Let $G$ be a (probably infinite) group and $H \leq K \leq G$. $|G:H| < \infty \Rightarrow |G:H|=|G:K||K:H|$? Let $G$ be a (probably infinite) group and $H \leq K \leq G$. Is it true that if we have $|G:H| < \infty$ then $|G:H|=|G:K||K:H|$ ?
Thanks in advance.
 A: Recall that $|G:H|$ is the number of left (or right) cosets of $H$ in $G$.  Let $|G:H|=n$, then there are $g_1,\dots,g_n\in G$ s.t. ${g_iH}$ are the distinct cosets of $H$ in $G$.
The first thing to prove is that $|G:K|$ and $|K:H|$ are finite.

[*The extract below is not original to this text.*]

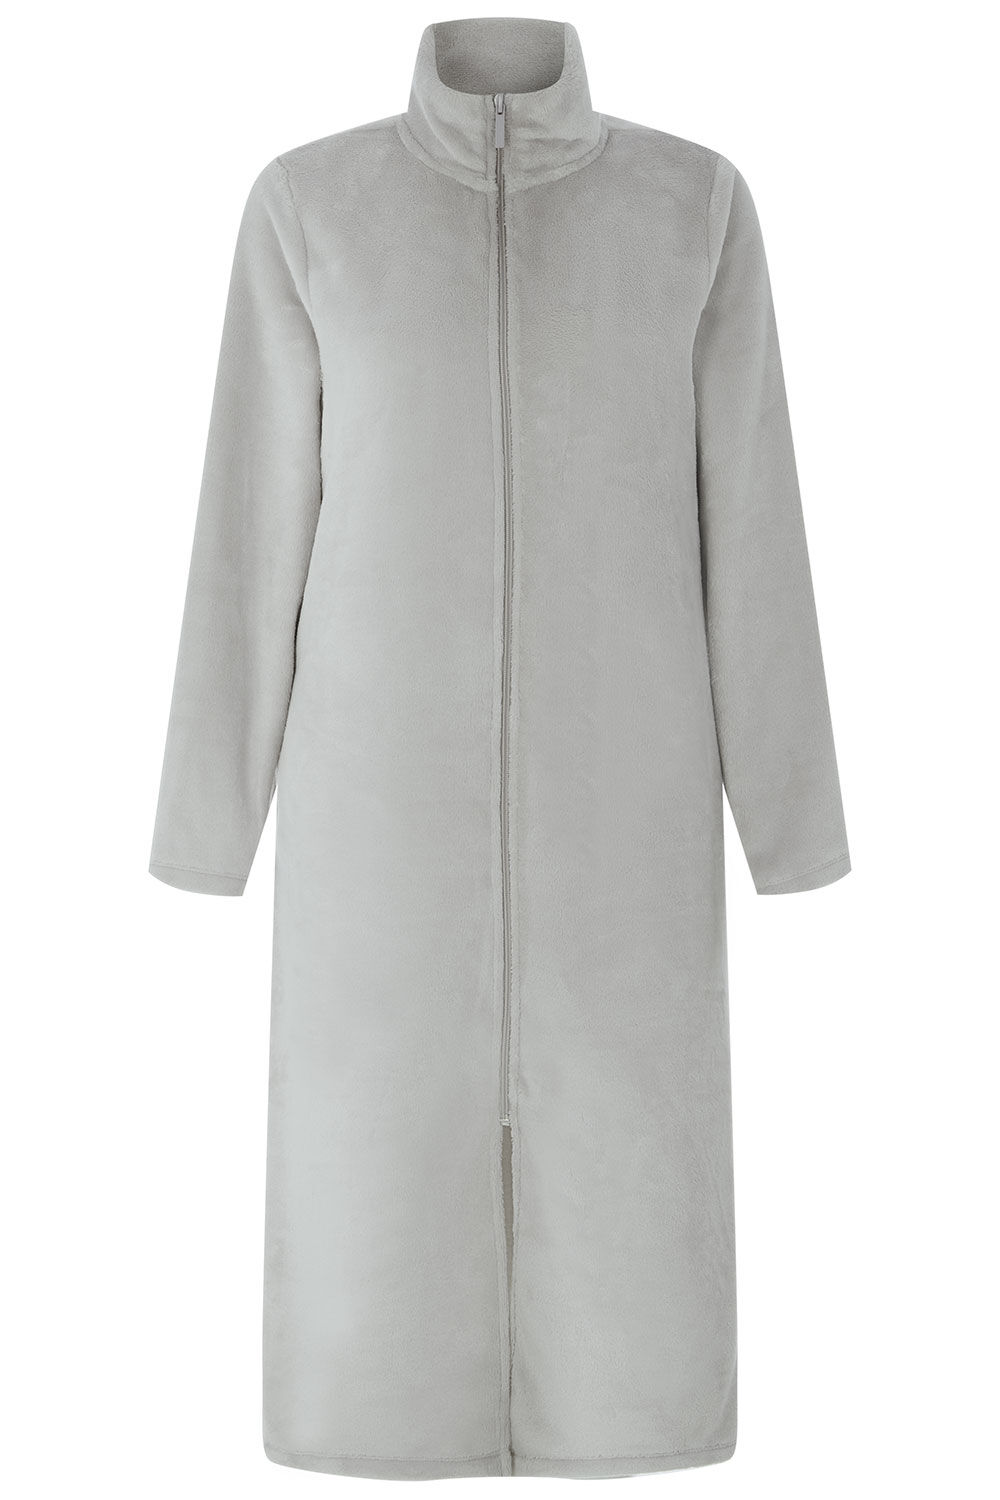 Women Long Luxury Fleece Hooded Dressing Gown Zip Bath Robe Blue Moon  Nightgown | Fruugo JP

First, we show that $|K:H|$ is finite.  Let $K$ be a subgroup of $G$ containing $H$.  Then, since $\cup_i g_iH=G$, some of the $g_iH$'s intersect with $K$.  Suppose $g_1,\dots,g_k$ correspond to the cosets of $H$ which intersect $K$.  Then $g_iH\cap K\not=\emptyset$.  Therefore, for some $h\in H$, $g_ih\in K$.  Let $g_ih=k$.  Since $H$ is a subgroup of $K$, $h^{-1}\in K$, so $g_i=kh^{-1}\in K$.  Therefore, $|K:H|$ is finite and the cosets of $H$ which intersect $K$ are the cosets of $H$ in $K$.
Second, we show that $|G:K|$ is finite.  Consider the set of cosets of $K$ of the form $g_iK$ where $1\leq i\leq n$.  Since $K$ contains $H$, $g_iK\supseteq g_iH$ and since the union of the $g_iH$ is all of $G$, the union of the $g_iK$'s is also all of $G$.  By considering a minimal set of these $g_iK$'s, you have a complete set of cosets.
Finally, since $|G:K|$ is finite, let $g'_1K,\dots,g'_mK$ be the (distinct) cosets of $K$ in $G$, and let $g_1,\cdots,g_k$ be the distinct cosets of $H$ in $K$.  Then the cosets of $H$ in $G$ are $g'_ig_jH$.  You can show that these are distinct and that the number of these is exactly $|G:K||K:H|$.
A: Yes. For reference, you can check out this. I'm assuming $H$ and $K$ are subgroups of $G$.